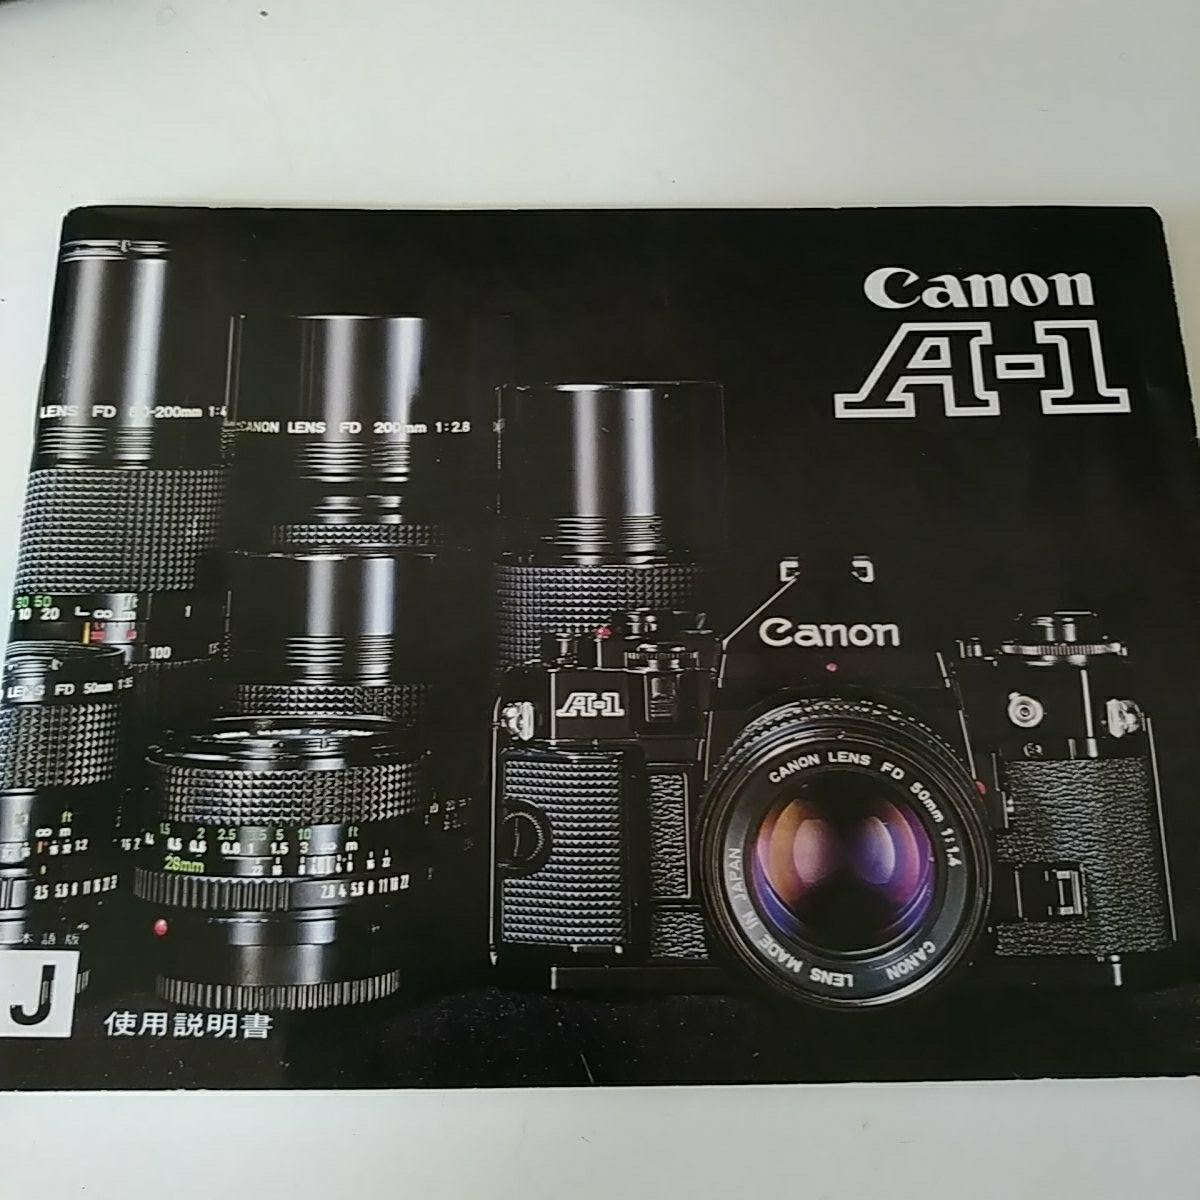 Canon A-1 パワーワインダー A 50㎜ 1:1.8 名機 一眼レフ/フィルムカメラ 使用説明書つき キャノン ブラック レンズセット 昭和レトロ_画像9
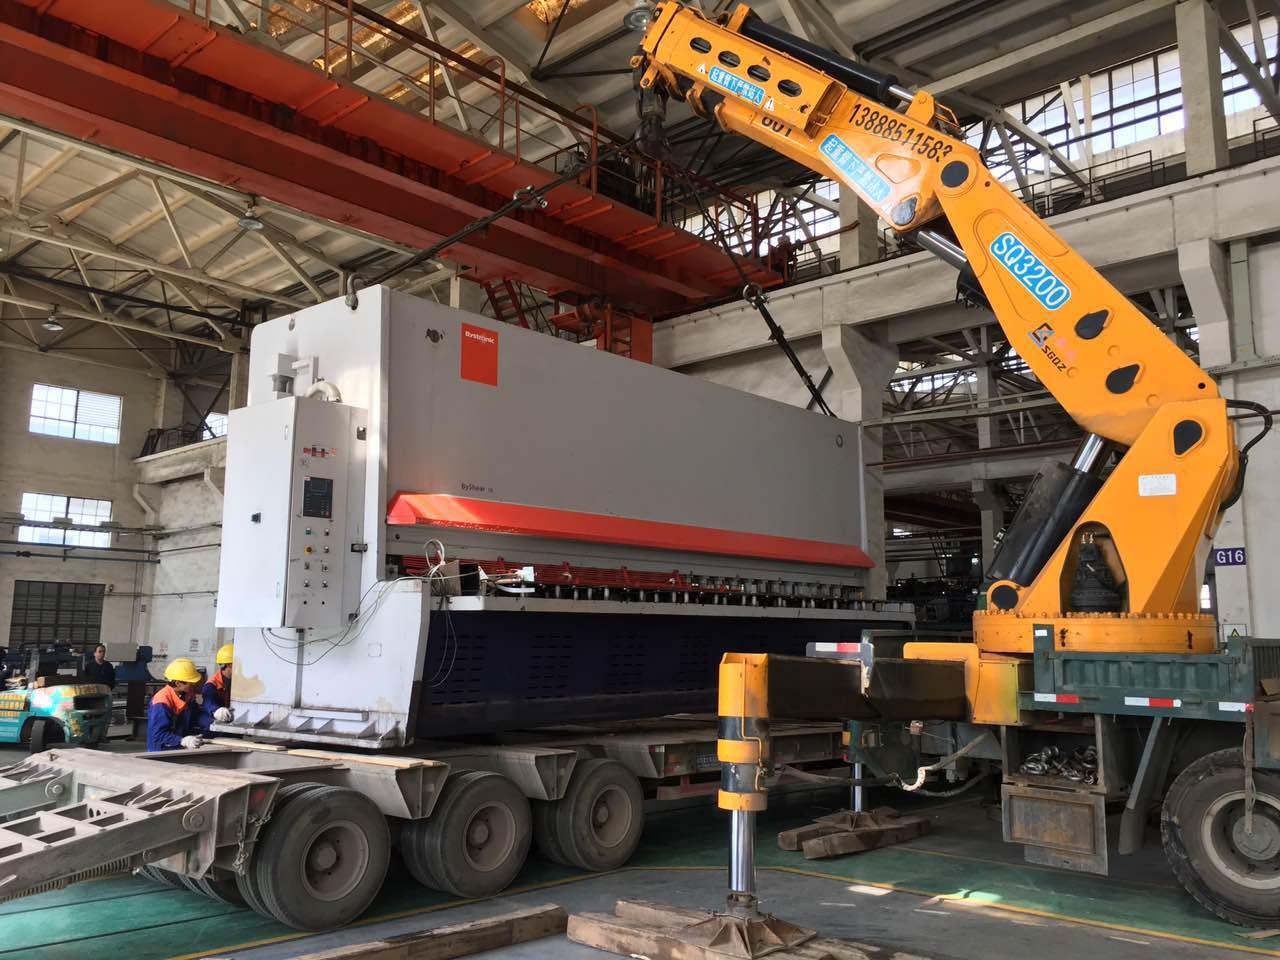 想要在大型机械吊装搬运行业立足必须满足哪些条件
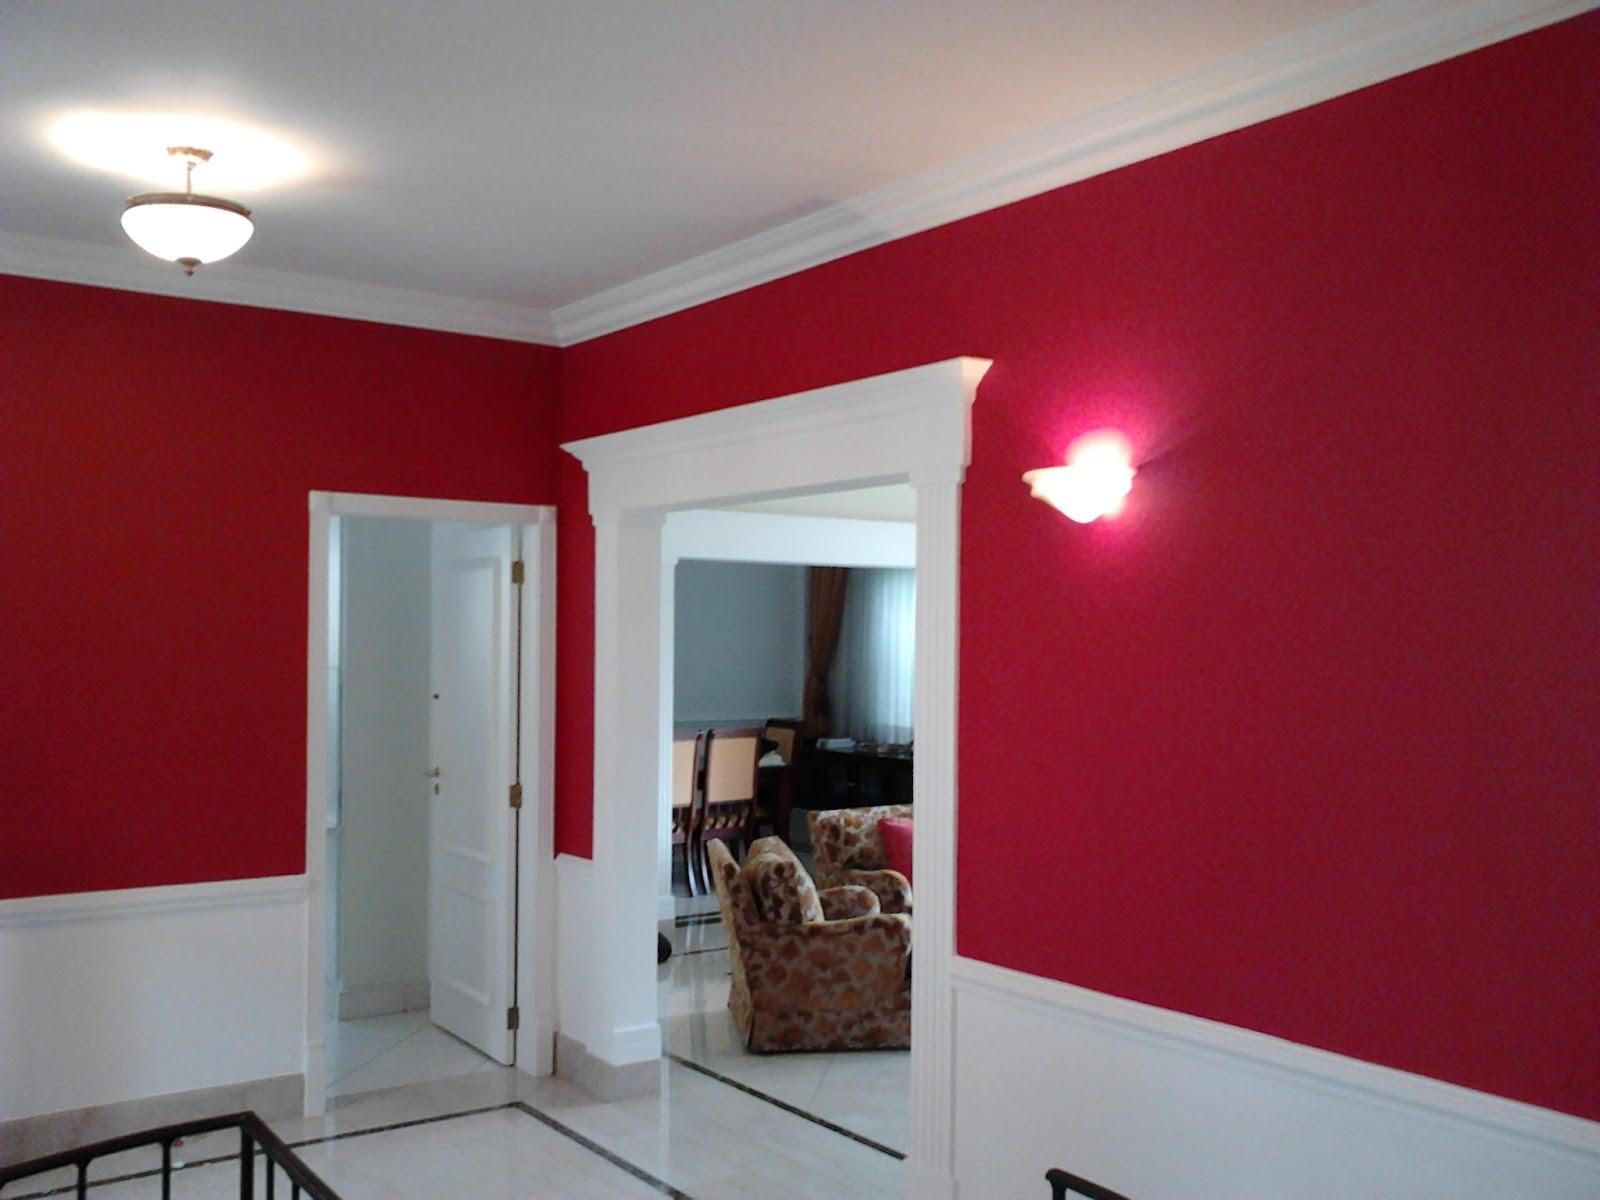 Andr pintor pintura casa na rua carlos rainaldi bairro - Pinturas modernas para casas ...
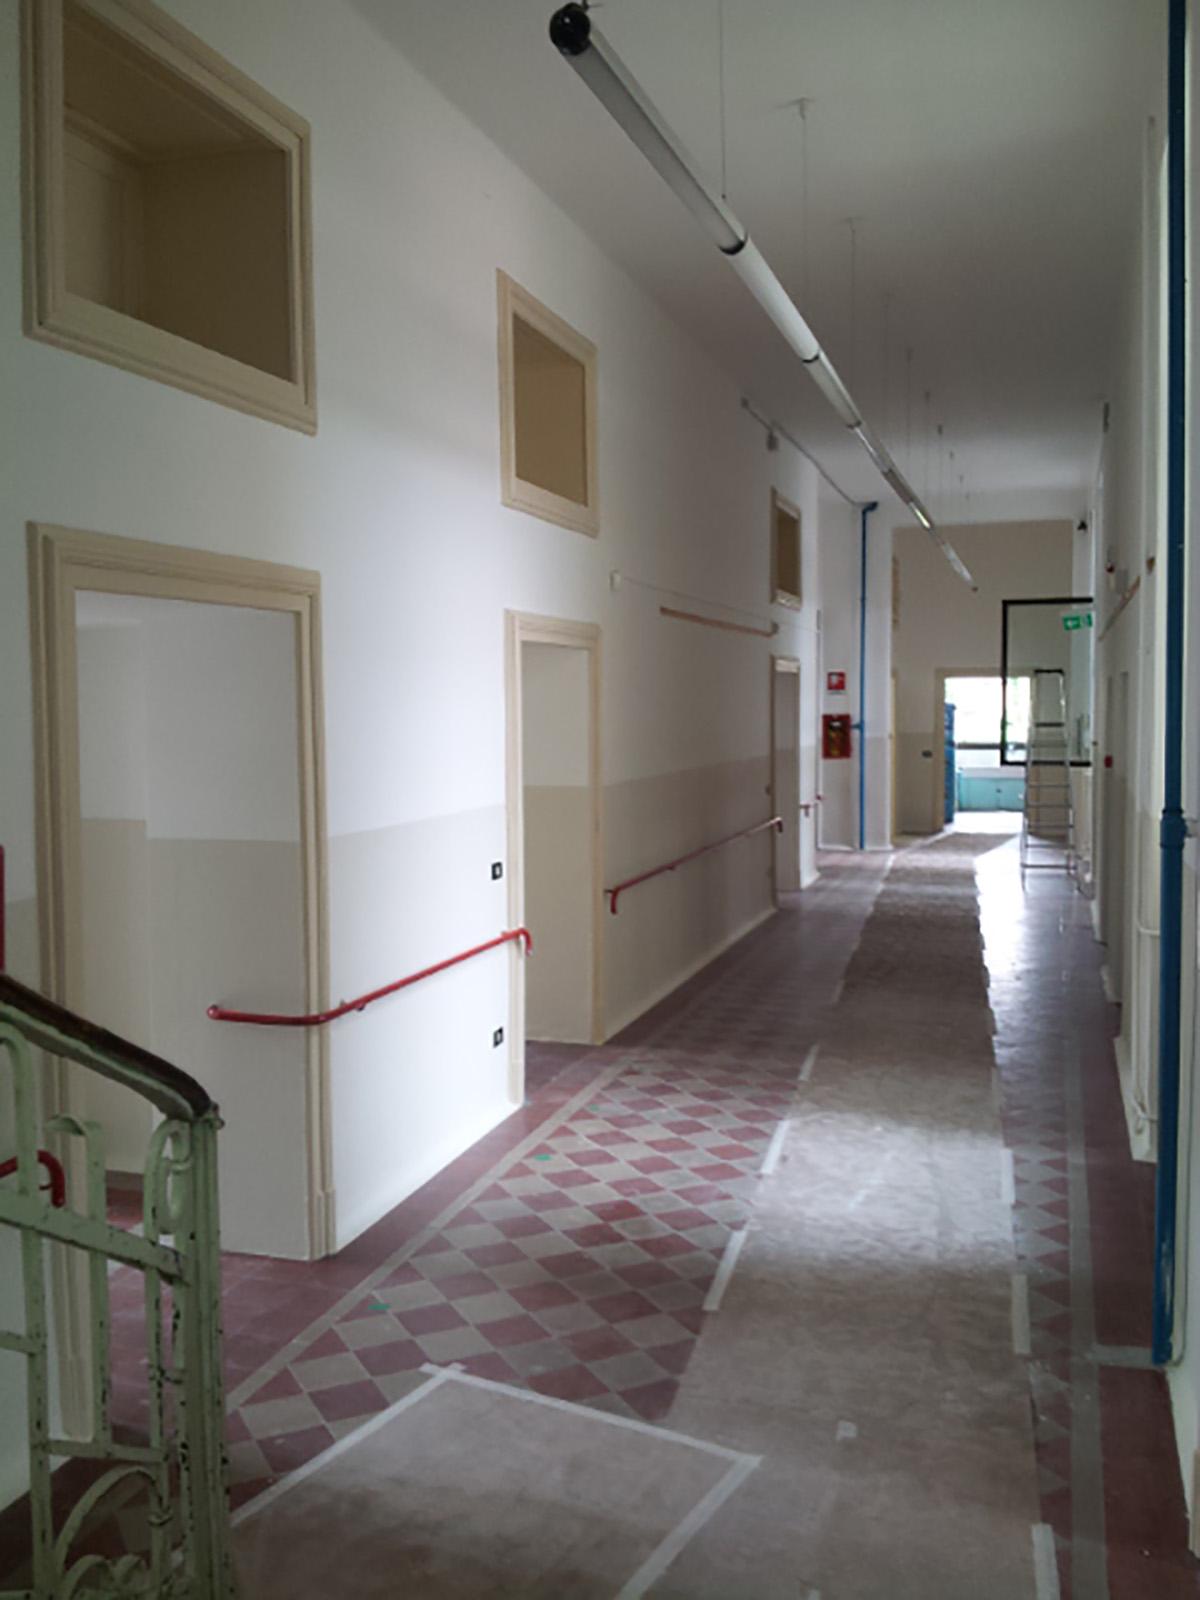 Perico-Renato-Pradalunga (BG) - Scuola comunale - Manutenzione straordinaria 10

----

▶ **WHAT IS REQUIRED**
Would you retype exactly the lines running from the line that contains "想要在大型机械吊装搬运行业立足必须满足哪些条件" through the end of the listing above, both included? Skip every picture.

▶ **EXERCISE OUTPUT**
 想要在大型机械吊装搬运行业立足必须满足哪些条件
 Andr pintor pintura casa na rua carlos rainaldi bairro - Pinturas modernas para casas ...
 Perico-Renato-Pradalunga (BG) - Scuola comunale - Manutenzione straordinaria 10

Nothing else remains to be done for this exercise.